Que el mundo contemporáneo es, desde el punto de vista humanitario, muy cuestionable resulta evidente a poco que tengamos en consideración los múltiples informes que realizan organizaciones comprometidas con el cumplimiento de los Derechos Humanos.
En una situación de indignidad tan escandalosa como es la esclavitud, una fundación (“Walk Free”) elabora índices globales en los que se constata que alrededor de 46 millones de personas sufren, a día de hoy, algunas de las variantes modernas de esa lacra: la trata de seres humanos, los trabajos forzosos, la servidumbre por causa de deudas, los matrimonios forzados y la explotación sexual. Y que cinco países -India, China, Pakistán, Bangladesh y Uzbekistán- concentran el 58% de la esclavitud mundial. Con respecto a los emparejamientos impuestos, el último informe de la ONG Save The Children denuncia que, cada año, 15 millones de niñas se casan antes de cumplir los 18 años en países como Afganistán, Yemen, India o Somalia.
No cabe duda de que en múltiples lugares del planeta todavía existe una vulneración generalizada de la dignidad humana, una violencia estructural que oprime a multitud de personas, siendo las principales fracturas humanitarias las que se dan entre privilegiados y desposeídos, entre propios y extraños y, como no, entre hombres y mujeres. Algo tan azaroso como haber nacido mujer es aún un “motivo” para padecer infinitas iniquidades. En el primer y en el tercer mundo, en ámbitos de opulencia y de miseria, en tiempos de paz y de guerra.

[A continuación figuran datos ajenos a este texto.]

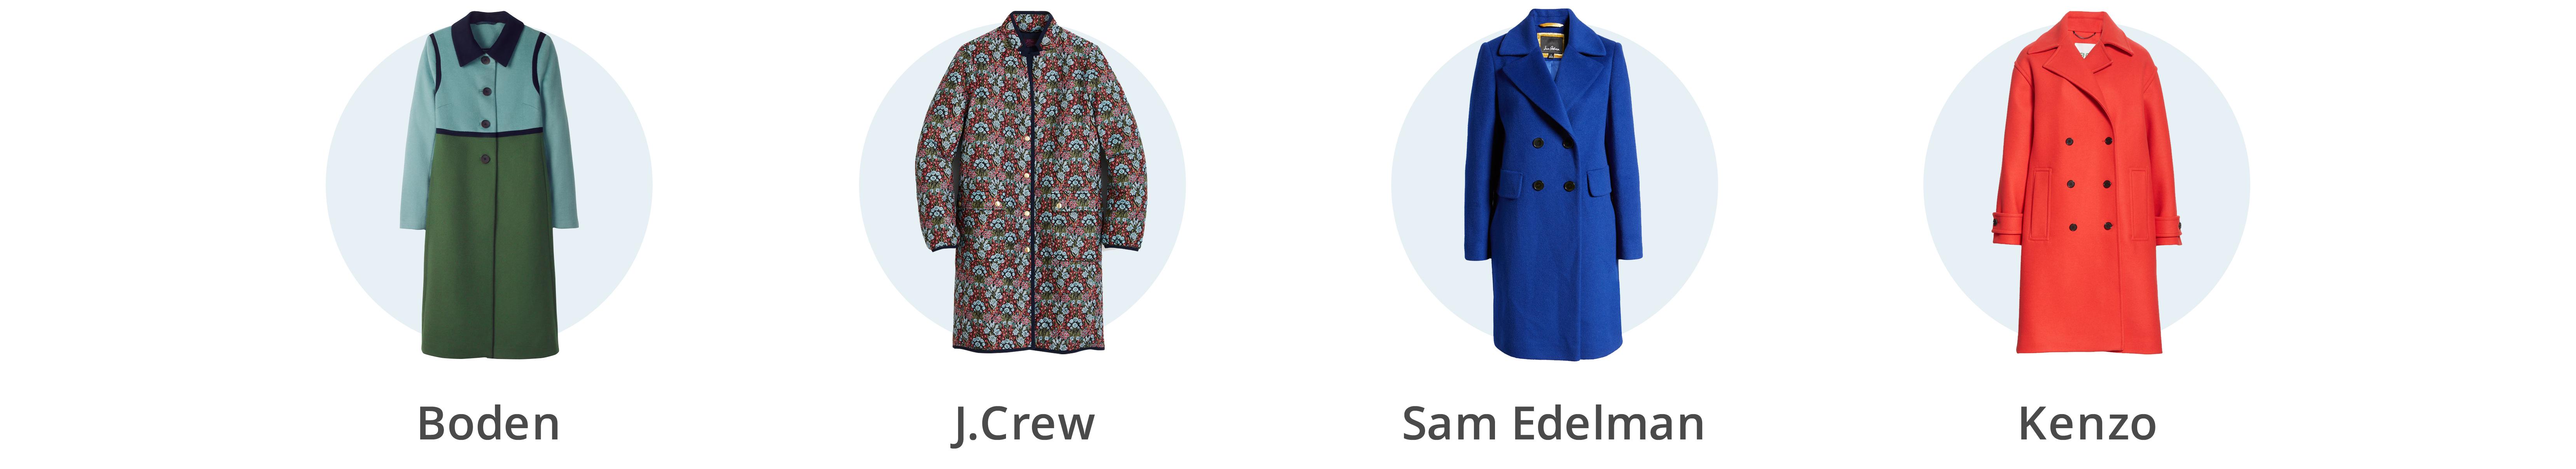 Women's colorful winter coats

Aunque conviene no olvidar que el machismo va más allá de hombres y mujeres, pues es un paradigma cultural, fuertemente institucionalizado, que nos discrimina y aliena a todos, la masculinidad (y los hombres que la encarnamos) está, desde luego, más que comprometida en el mantenimiento de las dinámicas de subordinación sexual, ejerciendo, casi siempre, el papel de la explotación y el dominio.

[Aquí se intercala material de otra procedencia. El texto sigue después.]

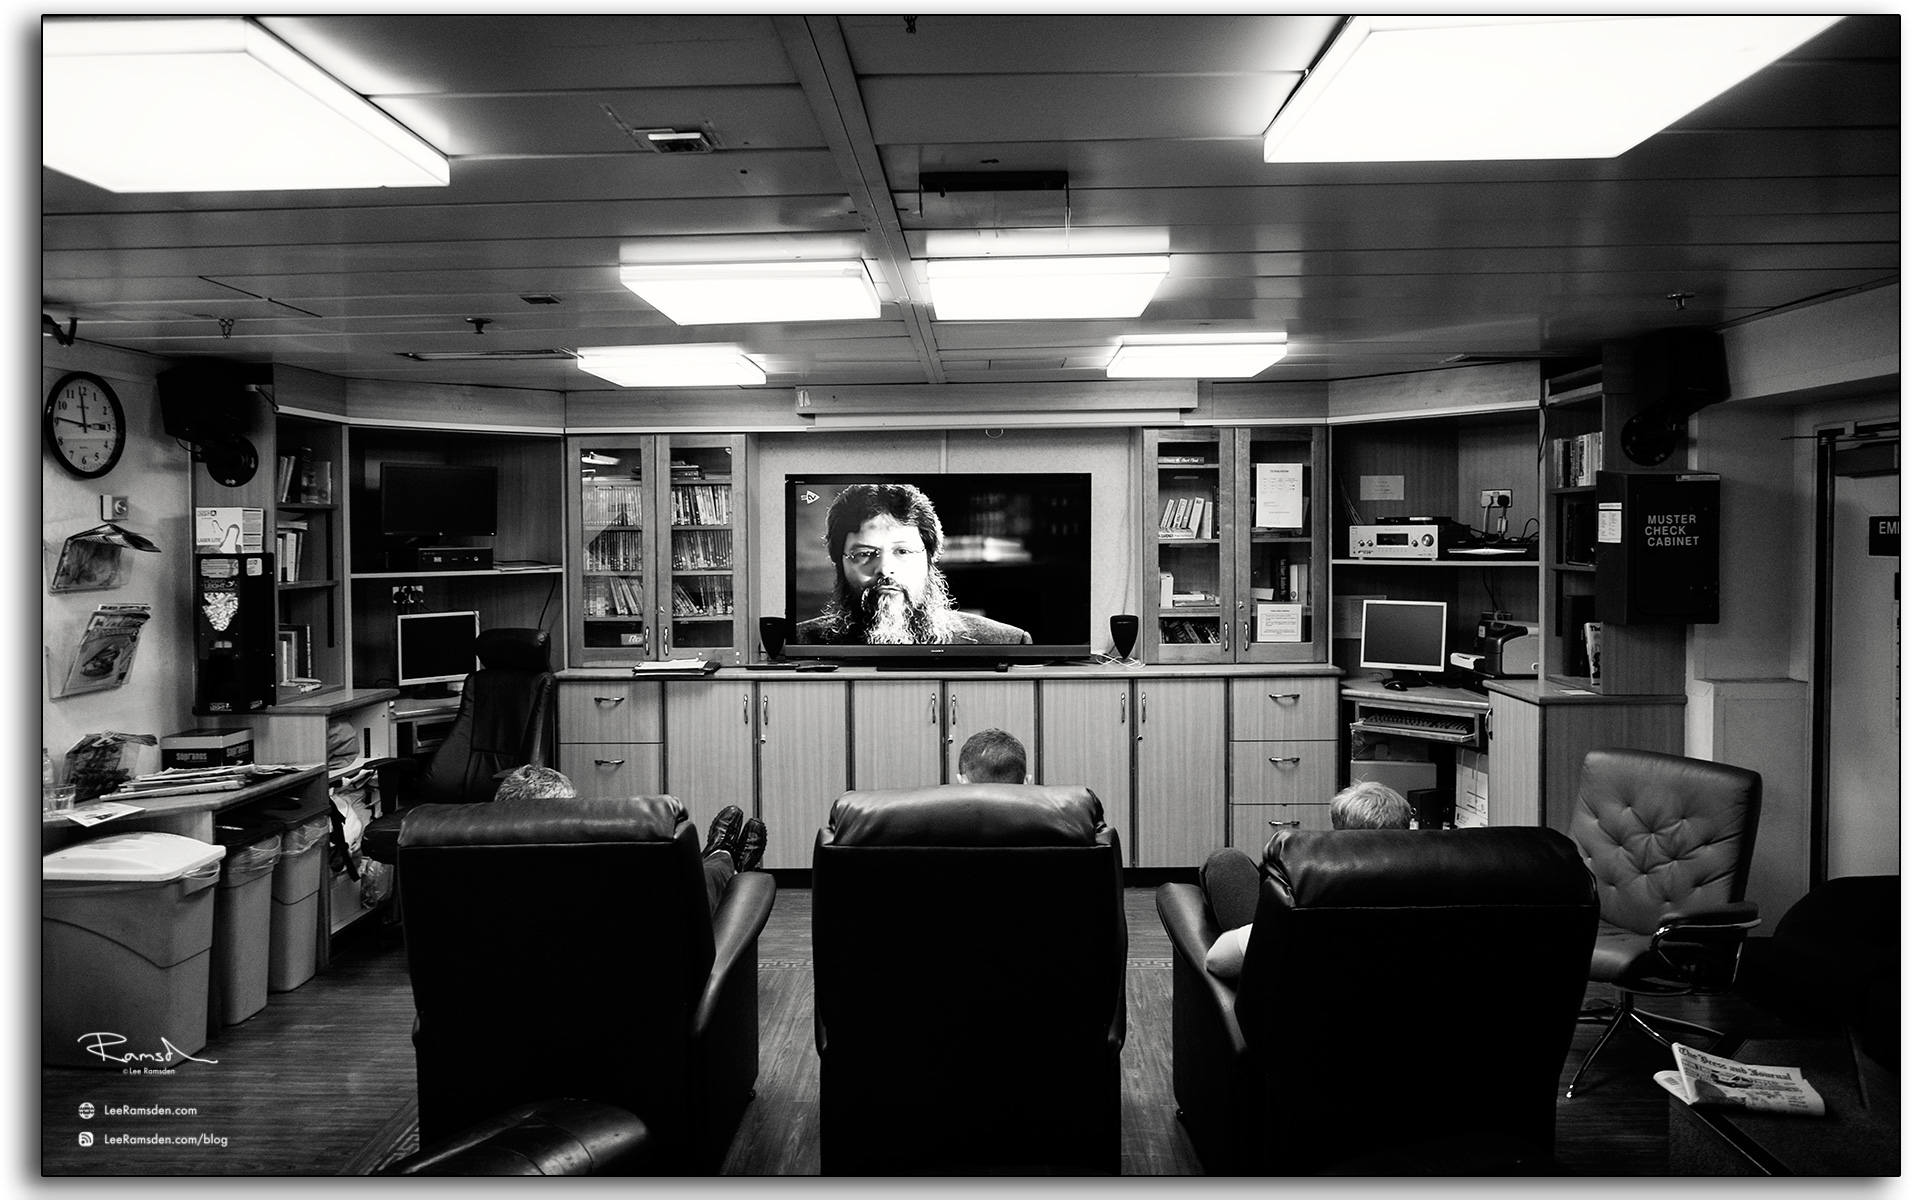 24 Auk Oil rig platform Talisman TV lounge workers watching tv

Hay vejaciones de todo nivel, desde masivas y espeluznantes, como las violaciones generalizadas en toda circunstancia bélica, a ocasionales y pasivas. Como la ocurrida en estos días en la Audiencia de Alicante, en la que las tres magistradas encargadas de dictar sentencia han absuelto a un empresario de un delito de agresión sexual por realizar un contrato laboral que incluía la condición de que la empleada mantuviera relaciones sexuales cada vez que él se lo solicitara, entendiendo que dicho requisito estaba claro desde un principio y la empleada aceptó el trabajo consciente de las “condiciones”.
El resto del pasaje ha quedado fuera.